Отпил воды и продолжил:

– Вот, де, какой незрелый командир полка, который ещё и матом где-то Солженицына покрыл за нерасторопность и непорядки в батарее, так наш «провидец» – слюной изошёл: «Меня, с университетским образованием, это быдло смеет ругать матом. Он ещё попомнит это. Я ему этого не спущу».

Схватил меня за руку, уверяя в правдивости своих слов:

– Это не только я слышал, а многие офицеры полка. Могут подтвердить, если что…

Помолчал минуту и уже иным тоном, сокрушённо и устало дополнил:

– Ты понимаешь, сынок, я мало о нём знаю, как об однополчанине. Он всё – со своею кралей от всех укрывался.

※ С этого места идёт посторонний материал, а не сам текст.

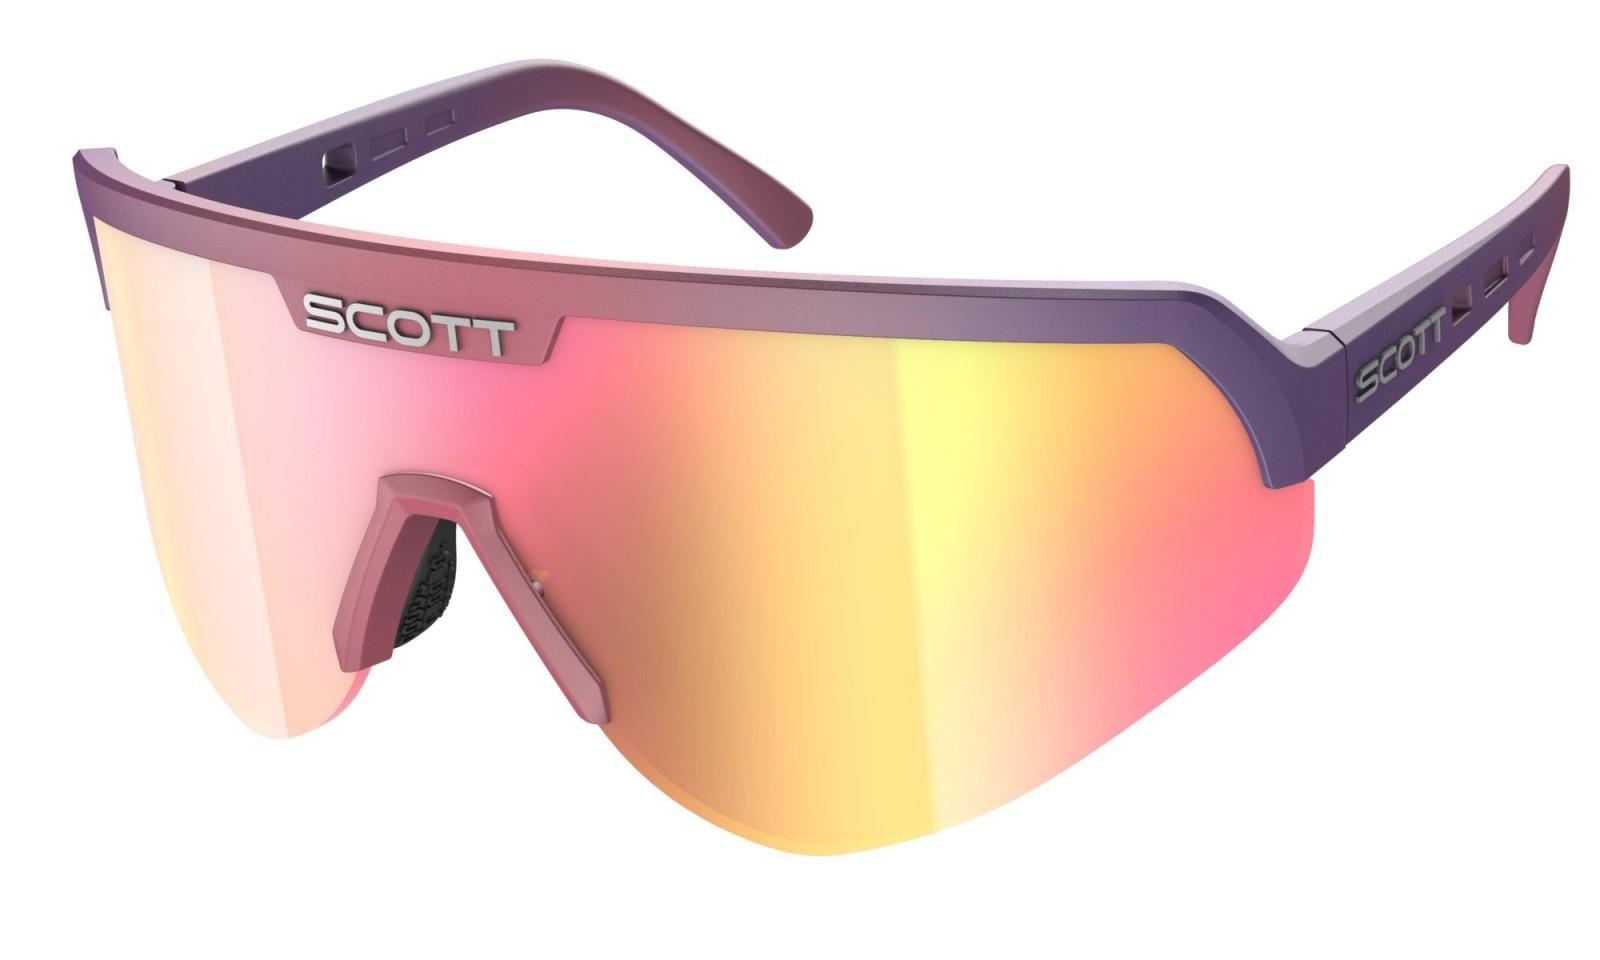 seleccion-regalos-scott-2020/

Даже братскую чарку с нами не выпивал, а узнал его доподлинно, до конца, когда издаваться у нас стал, в лихолетье, которое наступило после девяностого года.

Прокашлялся от напряжения и добавил:

– А так – и не слышал о нём. Правда, в хрущёвское время звону было много, когда вышел его «Один день Ивана Денисовича». Даже Госпремию, безмозглый Хрущёв, вручил ему за этот пасквиль.

Посмотрел вожделённо на графинчик с водкой и пока я наполнял рюмки, заговорил вновь:

– Поверь мне, я в то время жил и скажу тебе честно: я в полку, за всю войну, так и не знал, кто там у нас был особистом. И был ли он вообще. И штрафников не видел за всю войну. Были они, знаю, но нам заградотряды не нужны были, мы сами, гадов, зубами рвать были готовы.

Гордость выплеснулась из его души и он, уже громко, да так, что на нас стали оглядываться посетители ресторана, среди которых я узнал даже Райкова, депутата Госдумы (Земля круглая, подумал при этом):

– Да если бы у нас, в сорок первом, был полк такой, как наш, уверяю тебя, не дошли бы они до Москвы. Ни за что не дошли бы! Ещё под Смоленском, да Ельней полегли бы все.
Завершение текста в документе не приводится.